- Material for this exercise -
<<<<
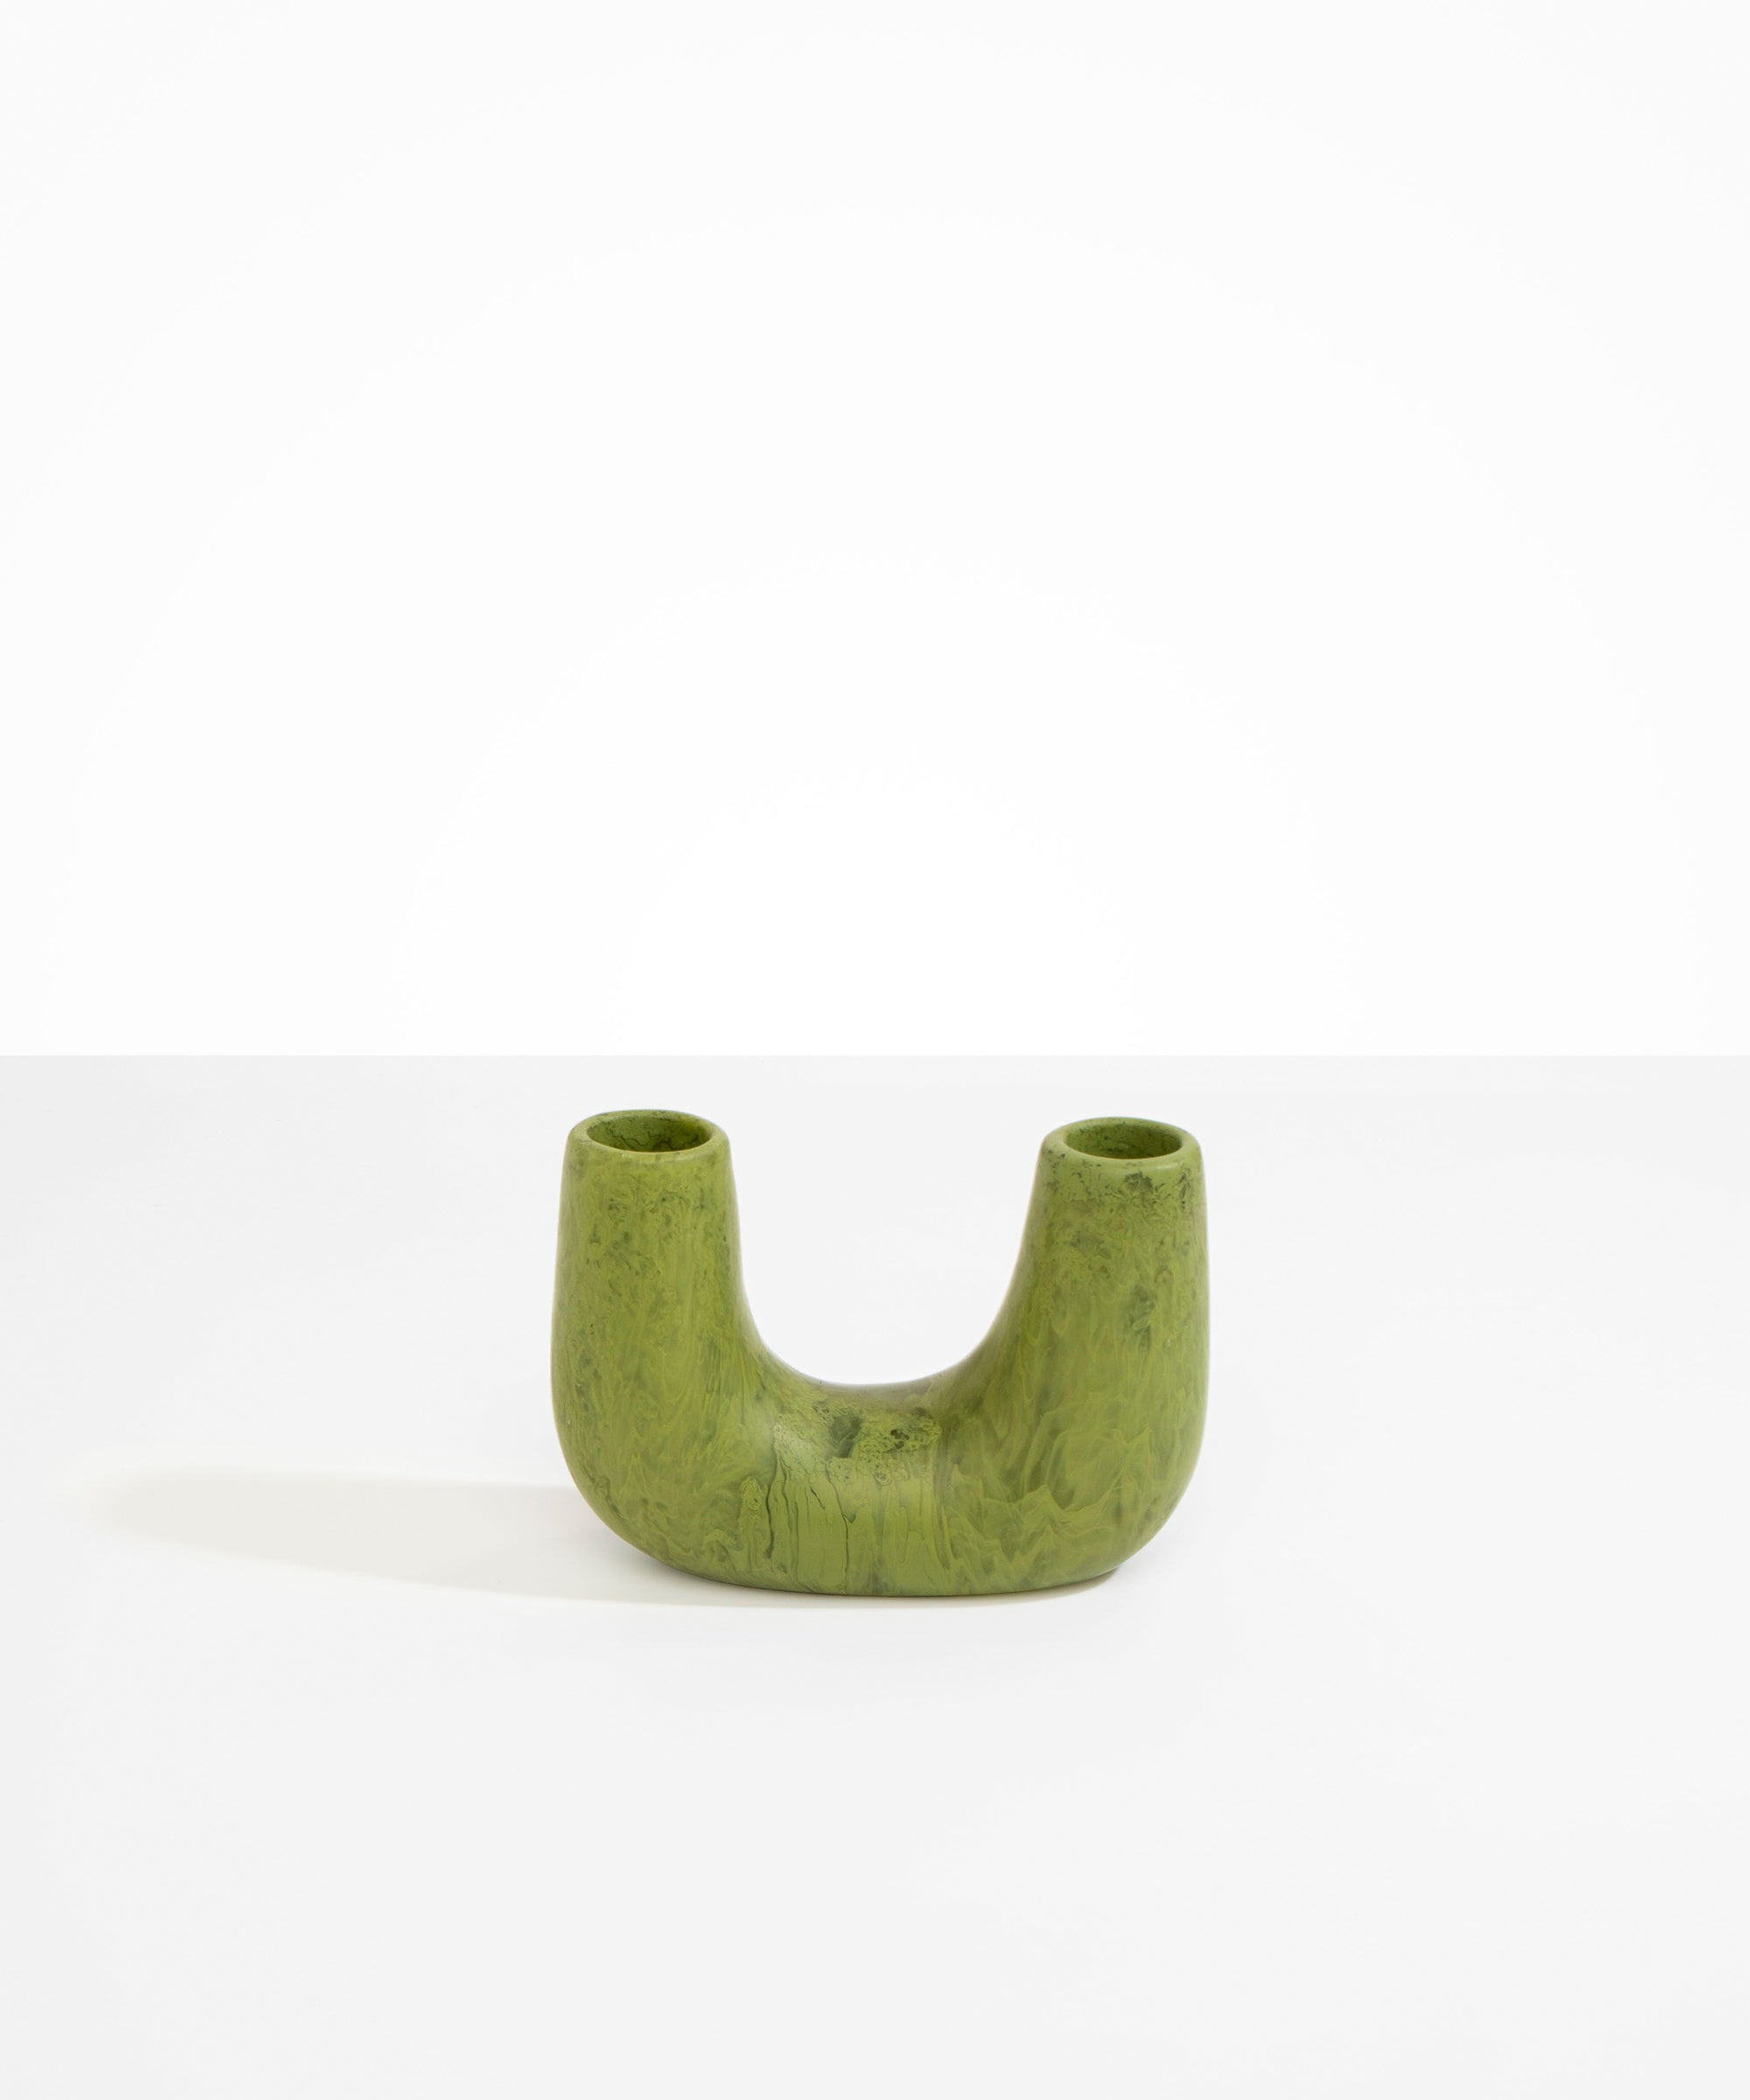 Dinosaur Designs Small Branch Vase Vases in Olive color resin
>>>>
<<<<
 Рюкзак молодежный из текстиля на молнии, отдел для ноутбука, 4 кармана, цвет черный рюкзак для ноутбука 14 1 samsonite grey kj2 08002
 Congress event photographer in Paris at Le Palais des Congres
>>>>
<<<<
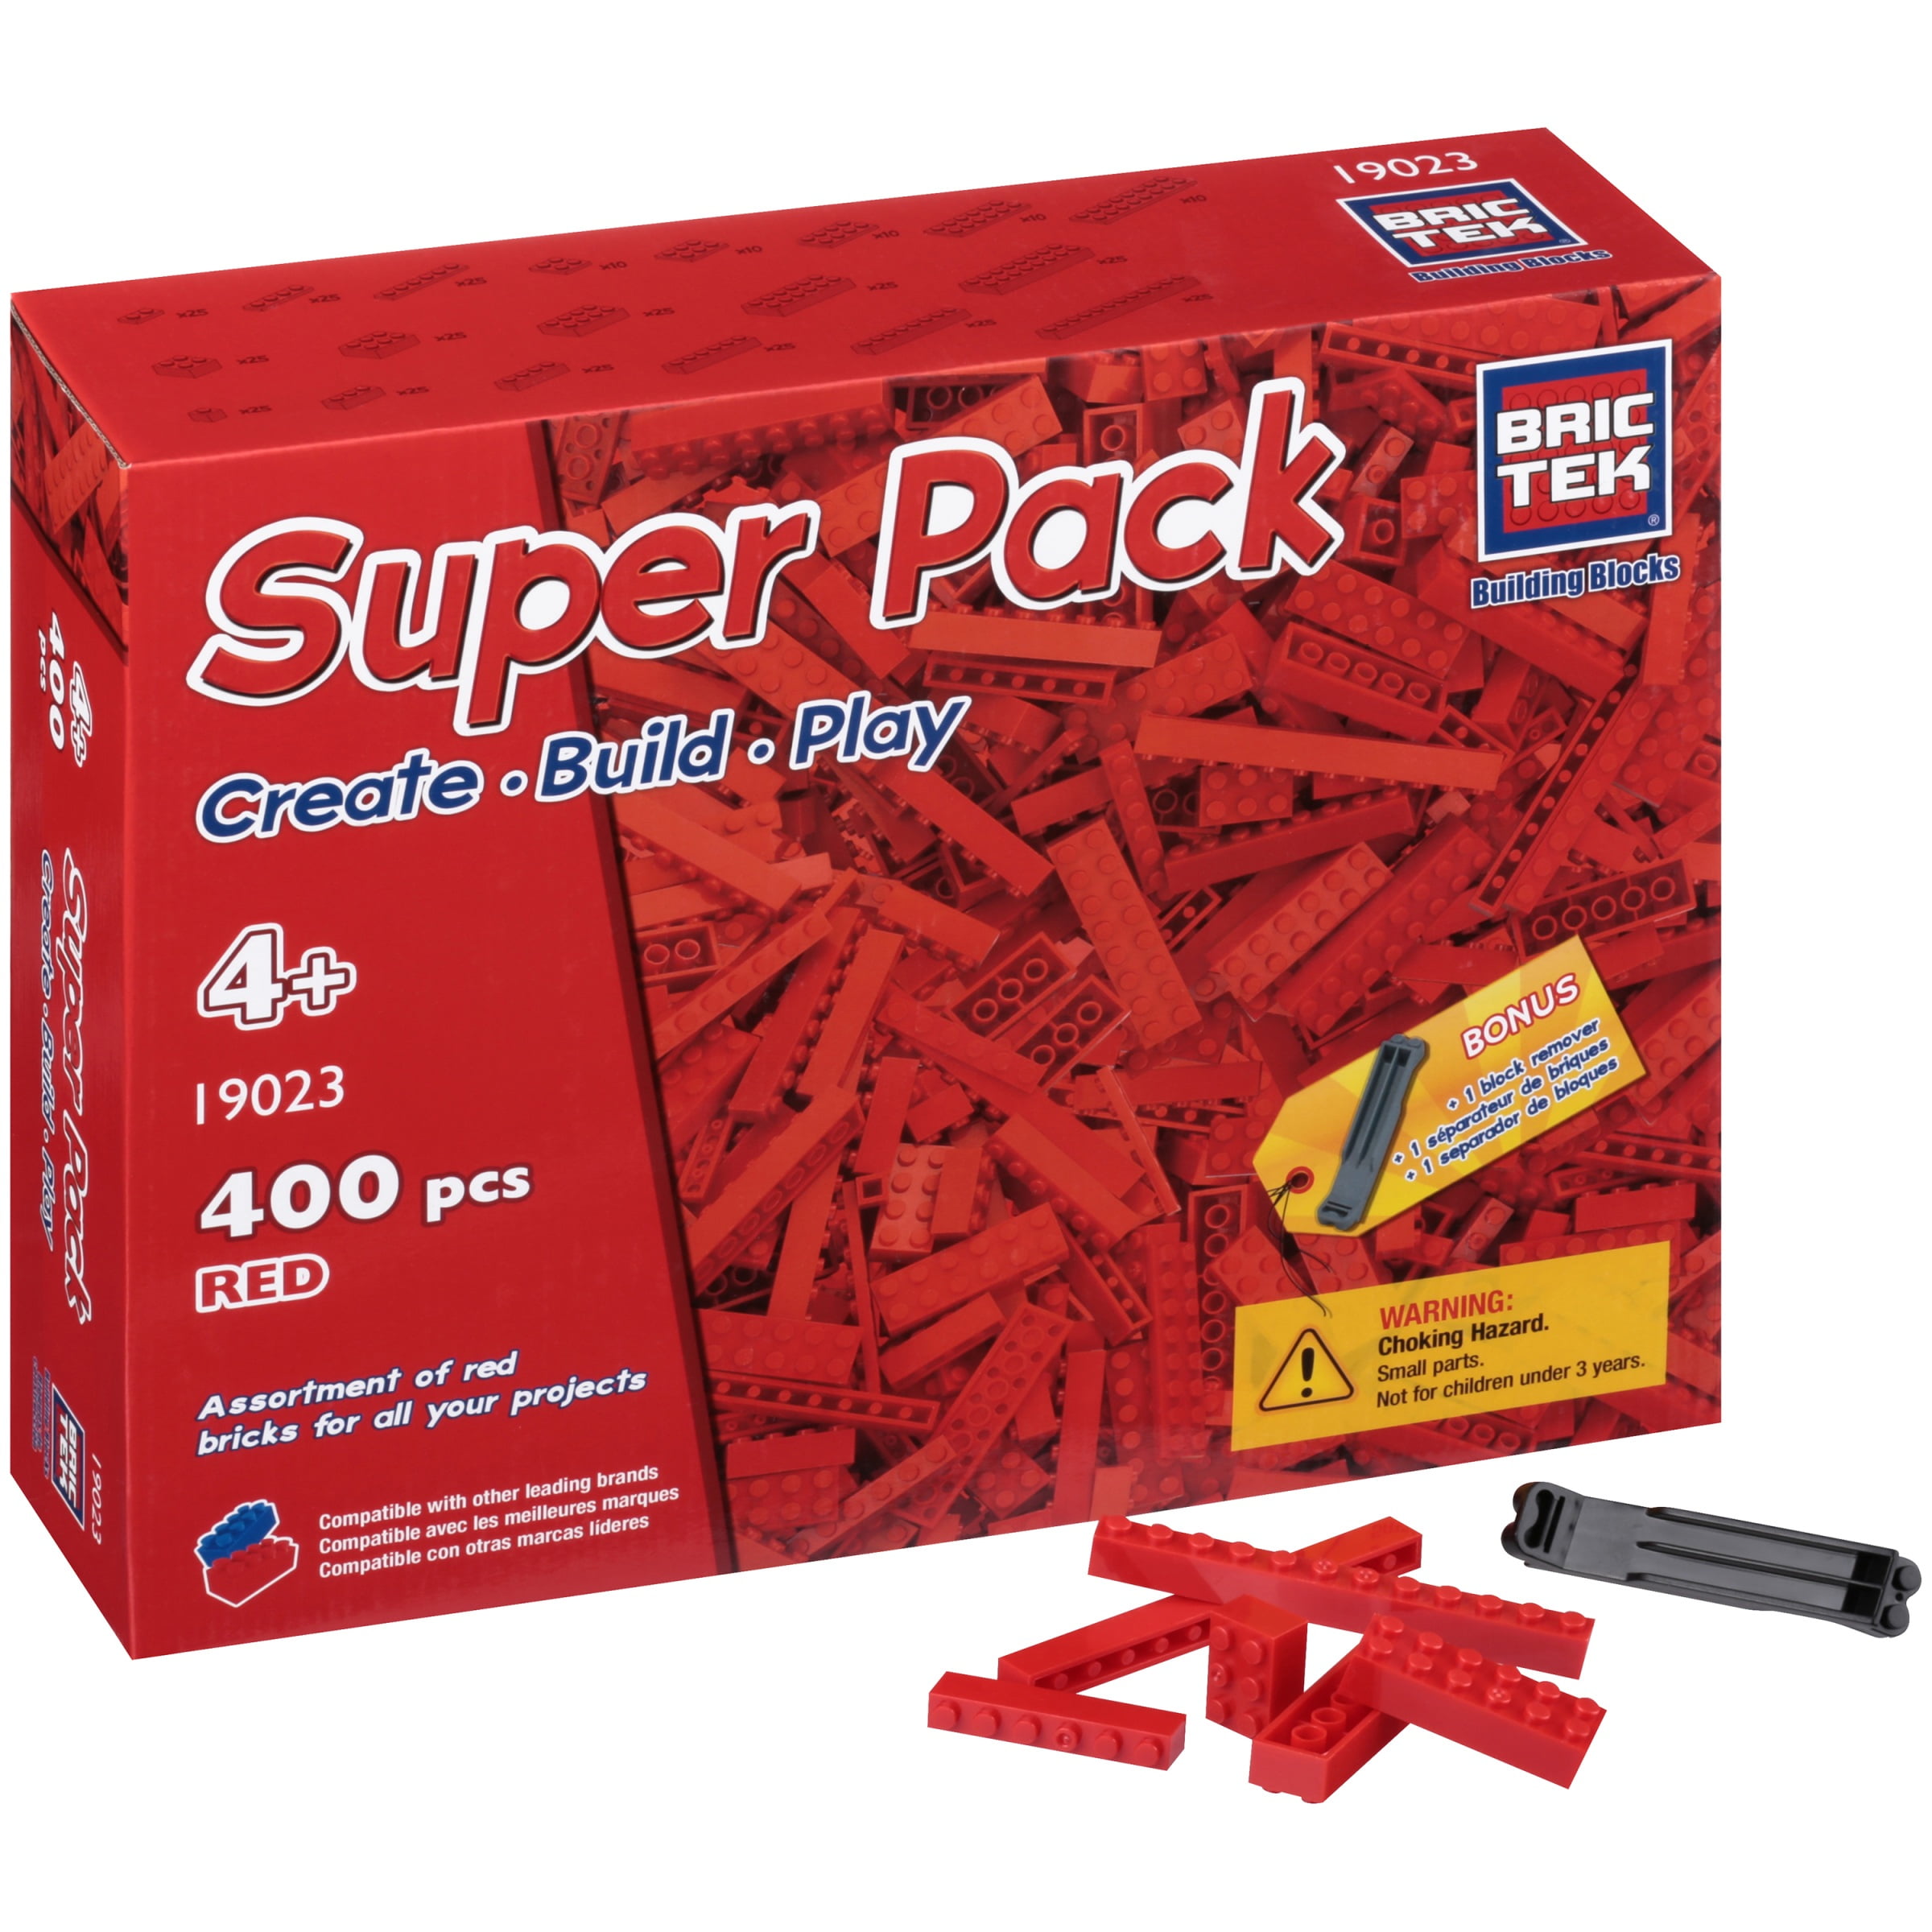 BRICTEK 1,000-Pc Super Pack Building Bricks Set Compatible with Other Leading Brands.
>>>>
- Exercise prompt -
Looking at the entries above, can you reproduce exactly the lines from the one that holds "Рюкзак молодежный из" through the one that holds "Congress event photographer", and only those?

- Answer section -
 Рюкзак молодежный из текстиля на молнии, отдел для ноутбука, 4 кармана, цвет черный рюкзак для ноутбука 14 1 samsonite grey kj2 08002
 Congress event photographer in Paris at Le Palais des Congres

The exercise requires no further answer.